Interesting here to note is that the Trinity managed to outperform the Alphacool Core Ociean T38 360 at this point. Seems that the thicker radiator of the Ocean wasn't that useful once the power is pushed high enough.
On the Noise-to-Performance graph, we can see that the overall ratio changed a lot compared to the lower workload. From start to finish, the Galahad II started to switch positions with the Performance version and from time to time even managed to be on the first spot.
On our maximum power mode, the Galahad II reached its limits. Although still on the third spot, the gap between the regular and performance version became much bigger. However, noteworthy here is that it still managed to be on the list at all.
On the Noise to performance part, we can see that the fight with the performance version is definitely over with the Trinity being in third place from start to finish.
It was a total surprise to us. Having already reviewed the performance sub-version beforehand, we were convinced that the Galahad II Trinity would end up as the "budget" option of this lineup.
However, to our very surprise, it outperforms a huge chunk of AIOs we have tested in the past. It may not be quite on the same level as the Performance version, but it was ridiculously close.

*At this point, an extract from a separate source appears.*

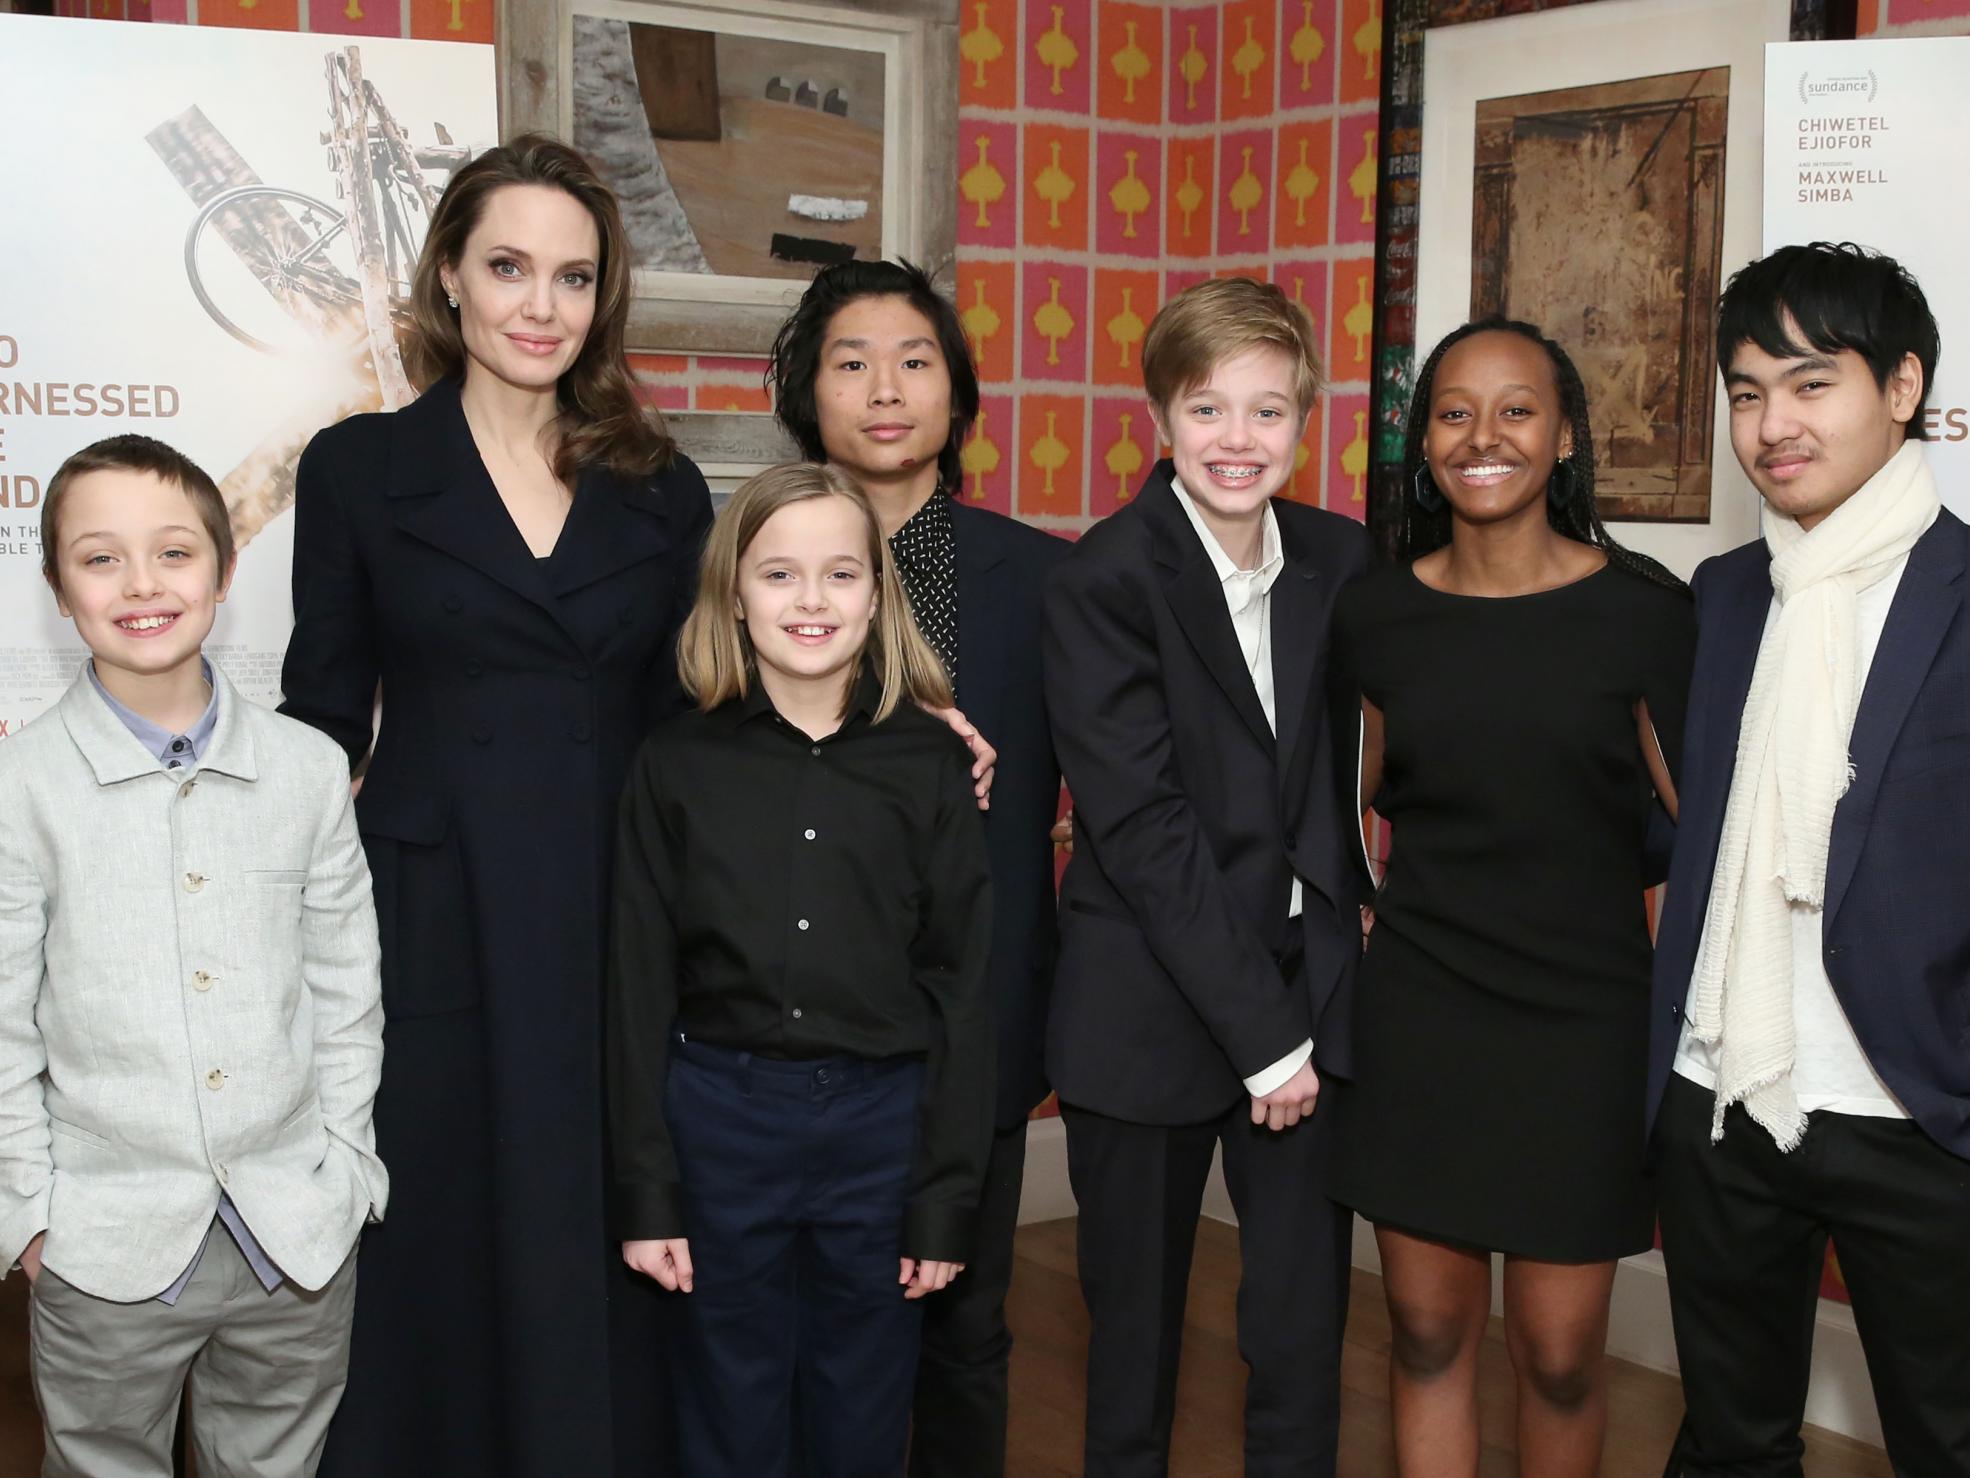 Angelina Jolie discusses her white privilege while raising a black daughter

Adding to that, Lian Li did not artificially block any of the new Lineups features in order to make the performance version more appealing. The regular Galahad II still got the higher quality long and thicker tubes, it still got the protruding 45° movable fittings on the radiator side, and it still got the redesigned pump plates as well as inlets and outlets. It got it all. The only difference is the choice of fans and single-wave radiator fins.
However, these two differences did not stop the regular Galahad II to perform like a top champ, most of the time even beating other alternative beasts such as the Liquid Freezer II 420.
Design-wise, the Galahad II is definitely a piece of eye candy too. Thanks to the interchangeable pump covers, the user can re-design the design of his build and customize the colors of every part to a point where we don't see an actual limit.
All of these reasons lead us to the obvious conclusion. We can absolutely recommend the new Lian Li Galahad II Trinity for pretty much every build, even the latest power-hungry Intel i9, and AMD R9 chips!